Most of the inscriptions include a general dedication (the ʾš ndr part), but a minority of them include a certain specific vowed object(s): obelisks and masks, copper altar, wooden cart/carts/female calf, et cetera. Some of the inscriptions describe the stele of the vowed object as a gift, mostly in the version ʾš ytn ("which gave", as opposed to ʾš ndr) or with mtnt ("gift"), and some mix both the gift and the vow versions. Some inscriptions are made in an extremely short formula, including only the vower's name and the word ndr (as a noun – "the vow of") or mtnt ("the gift of"). The closing statement rarely appears as "for he/she/they heard the voice of his words". There are also some exceptions in the order of the parts of the standard formula. A few inscriptions warn a potential thief that Tinnit or Baal Hammon, to whom the stelae were dedicated, will punish him.

=== Examples ===
An inscription written in a standard formula:
| [l]rbt ltnt pn bʿl wlʾd[n] | [To] the lady, to Tinnit-face-of-Baal, and to the lor[d,] |
| lbʿl ḥmn ʾš ndr mhrbʿl | to Baal Hammon, thus vowed Meherbaal |
| hspr bn bdʿštrt bn mlk[y] | the writer, son of Bodastart, son of Milk[ya]- |
| tn bn ʾdrbʿl k šmʿ qlʾ brkʾ | -ton, for they heard his voice.

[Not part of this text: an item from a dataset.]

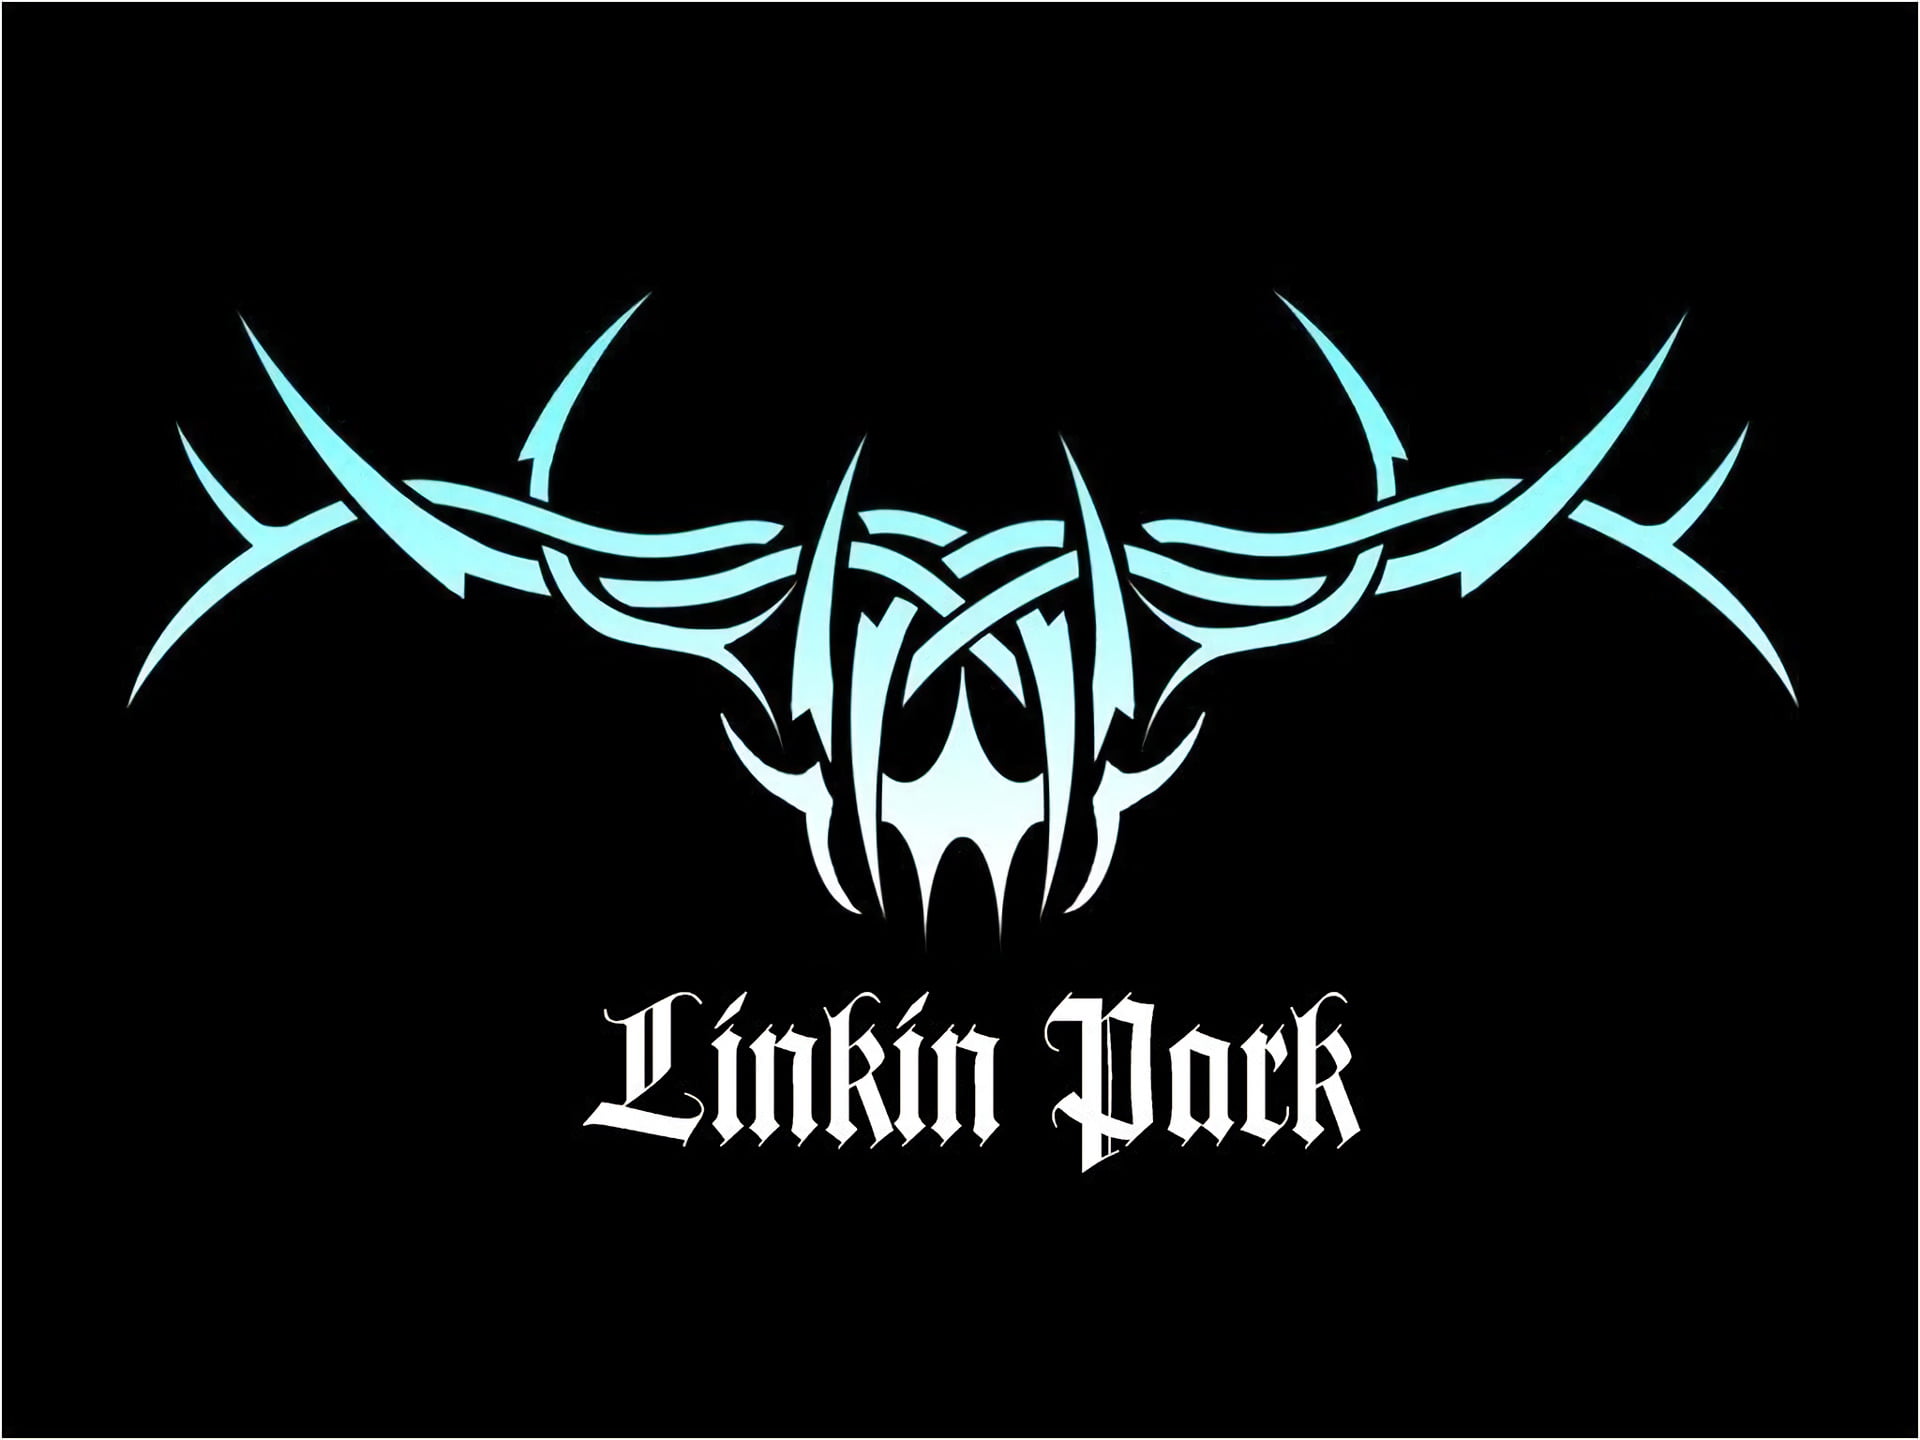 Linking Park wallpaper, Band (Music), Linkin Park, text, communication

May they bless him! |
A Phoenician votive inscription written in Greek transliteration:
| ΛΑΔΟΥΝ ΛΥΒΑΛ ΑΜΟΥΝ ΟΥ | To the lord, to Baal Hammon, and |
| ΛΥΡΥΒΑΘΩΝ ΘΙΝΙΘ ΦΑΝΕ ΒΑΛ | to our lady, to Tinnit-face-of-Baal, |
| ΥΣ ΝΑΔΩΡ ΣΩΣΙΠΑΤΙΟΣ ΒΥΝ | thus vowed Sosipatios, son of |
| ΖΟΠΥΡΟΣ ΣΑΜΩ ΚΟΥΛΩ ΒΑ | Zopyros, (for) they heard his voice. May they bl- |
ΡΑΧΩ
A second inscription, according to which the stele was erected as a gift, and not as a result of a vow, reads:
| lʾdn lbʿl ḥmn wrbtn tnt | To the lord, to Baal Hammon, and our Lady, Tinnit- |
| pʿn bʿl mtnt ʾš ṭnʾ | -face-of-Baal, a gift which erected |
| yḤwʾln bn ʿbdʾšmn | Yehawalon, son of Abdeshmun |
| k šmʿ qlʾ brkʾ | for they heard his voice. May they bless him! |

== Distribution ==
More than 3,000 votive inscriptions were found In Carthage itself. Outside Carthage, Phoenician votive inscription were also found in Hadrumetum (Hadrumetum Punic inscriptions), Cirta (Cirta steles), Malta (Cippi of Melqart), San Nicolò Gerrei (Pauli Gerrei trilingual inscription), Sulci, Karaly, in Phoenicia proper, and in Hammon. Inscriptions in similar formulas were found in Sidon, near Tyre, in Athens, Rhodes, Egypt, Kition and Idalion, as well as unstandard versions in Carthage. Outside Carthage, the vows to gods other than Tinnit and Baal Hammon.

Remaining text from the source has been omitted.